As for Jacobi, we can also write a general formula for the method in terms of the matrix decomposition \(A=D-L-U.\) This time we find \[ {\bf x}^{(k+1)} = D^{-1}\Big({\bf b} + L{\bf x}^{(k+1)} + U{\bf x}^{(k)}\Big). \] Note it does make sense to write it like this. The entries in the left hand side vector \({\bf x}^{(k+1)}\) are computed in order, one by one, and the \(L{\bf x}^{(k+1)}\) on the right only includes entries that have been already computed.

\(\,\)

1.11 Iterative Methods: SOR Method

There is a further refinement to the Gauss-Seidel method called Successive Over-Relaxation, or SOR for short. Starting with \(A=D-L-U\) as before, we rewrite our system \(A{\bf x}={\bf b}\) as \[\begin{align*} {\bf x} &= D^{-1}\big({\bf b} + L{\bf x} + U{\bf x}\big), \end{align*}\] then multiply this by some number \(\omega\) (which we will choose later) to give \[ \omega{\bf x} = \omega D^{-1}\big({\bf b} + L{\bf x} + U{\bf x}\big). \] Adding \((1-\omega){\bf x}\) to both sides gives \[ {\bf x} = (1-\omega){\bf x} + \omega D^{-1}\big({\bf b} + L{\bf x} + U{\bf x}\big). \] The SOR method is then the iteration \[ {\bf x}^{(k+1)} = (1-\omega){\bf x}^{(k)} + \omega D^{-1}\big({\bf b} + L{\bf x}^{(k+1)} + U{\bf x}^{(k)}\big). \] Notice \(\omega=1\) would give the Gauss-Seidel method, whereas for a different value of \(\omega\) the SOR method is a weighted average. The idea behind this is that at each stage of the Gauss-Seidel iteration, the guesses move towards the final answer, but will, depending on the matrix, generally overshoot or generally undershoot. The modification with an appropriate choice of \(\omega\) can improve this and speed up convergence.

\(\,\)

Example. \(\,\) Derive the SOR iteration formula for the system \[\begin{matrix} 4x + 3y\qquad\, \!\!\!&=&\!\!\!24,\\ 3x + 4y -\;\,z \!\!\!&=&\!\!\! 30,\\ \qquad -y + 4z \!\!\!&=&\!\!\! -24. \end{matrix} \]
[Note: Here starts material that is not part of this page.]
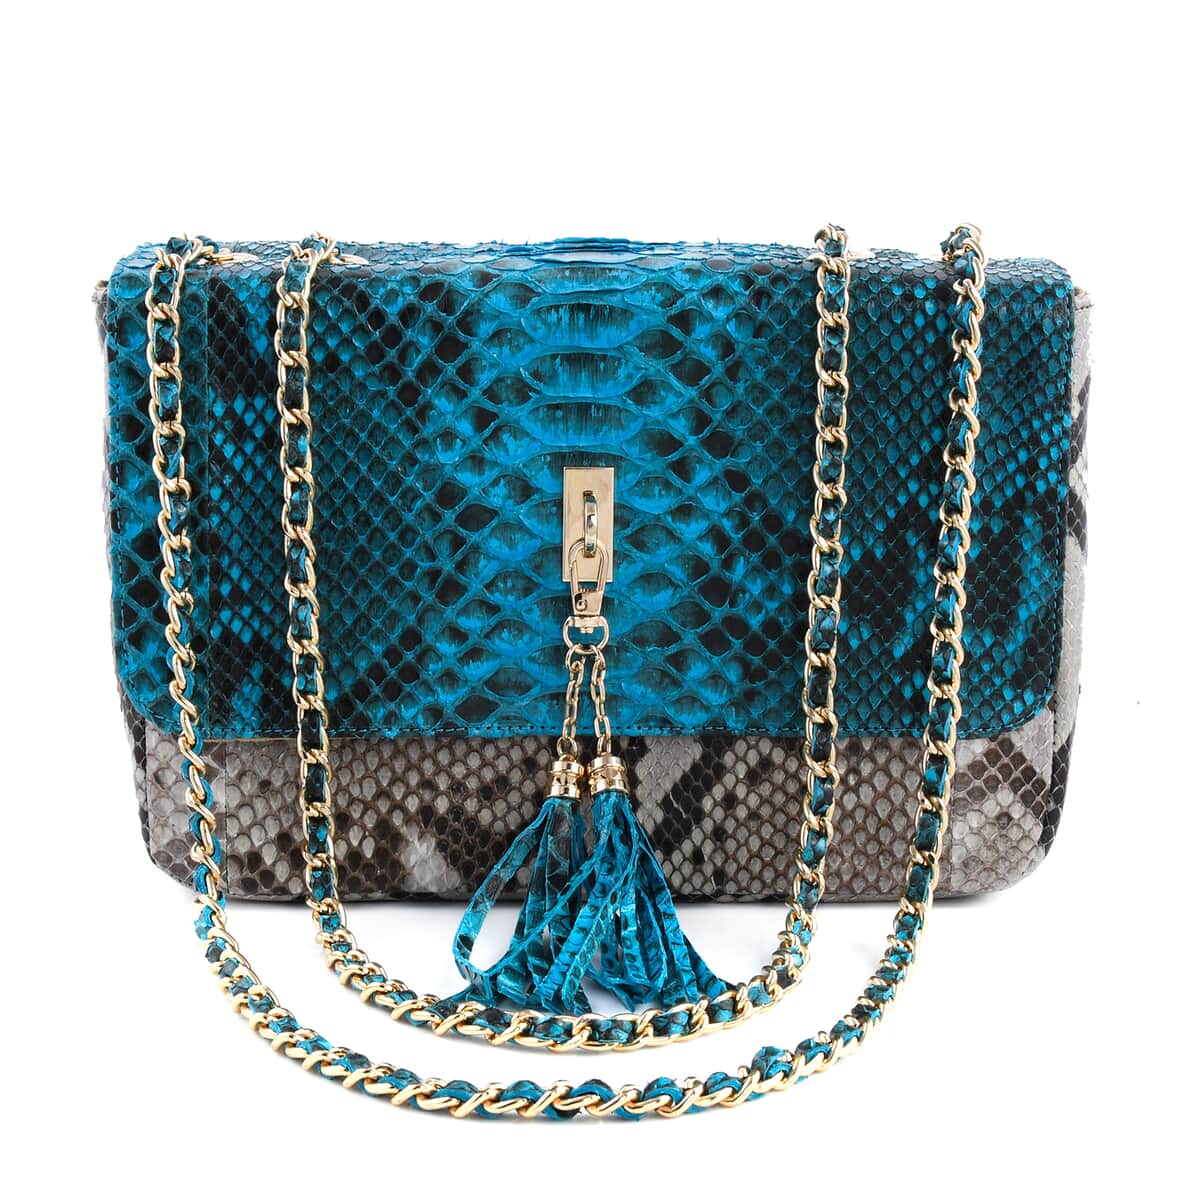 The Grand Pelle Handcrafted Black Color 100 % Genuine Python Leather Crossbody Bag (10.00"x6.75"x3.5") image number 1

We rewrite the equations as \[\begin{align*} x &= (1-\omega)x + \omega\left(\frac{24 - 3y}{4}\right), \\ y &= (1-\omega)y + \omega\left(\frac{30-3x+z}{4}\right), \\ z &= (1-\omega)z + \omega\left(\frac{-24+y}{4}\right) \end{align*}\] and the SOR iteration is \[\begin{align*} x^{(k+1)} &= (1-\omega)x^{(k)} + \omega\left(\frac{24 - 3y^{(k)}}{4}\right),\\ y^{(k+1)} &= (1-\omega)y^{(k)} + \omega\left(\frac{30-3x^{(k+1)}+z^{(k)}}{4}\right),\\ z^{(k+1)} &= (1-\omega)z^{(k)} + \omega\left(\frac{-24+y^{(k+1)}}{4}\right). \end{align*}\] Notice the fractions in the brackets are precisely the terms you’d get in the right-hand sides of the Gauss-Seidel iteration (which you obtain by setting \(\omega=1\)).

Rather than give a table of results, here is a graph showing the performance of SOR for different values of \(\omega\), compared to the exact solution \(x=3\), \(y=4\), \(z=-5\):

Trial and error shows that the optimum value is \(\omega \approx 1.25\). In this example, the SOR method with this optimum \(\omega\) converges approximately twice as quickly as the Gauss-Seidel method (where \(\omega=1\)).

\(\,\)

Notice that the performance is strongly dependent on the choice of the \(\omega\) parameter. Choosing the best value of \(\omega\) is generally a very hard problem. It is possible to calculate the optimum \(\omega\) for special classes of matrices, but this is beyond the scope of this course. In practice, for general matrices some trial-and-error is used.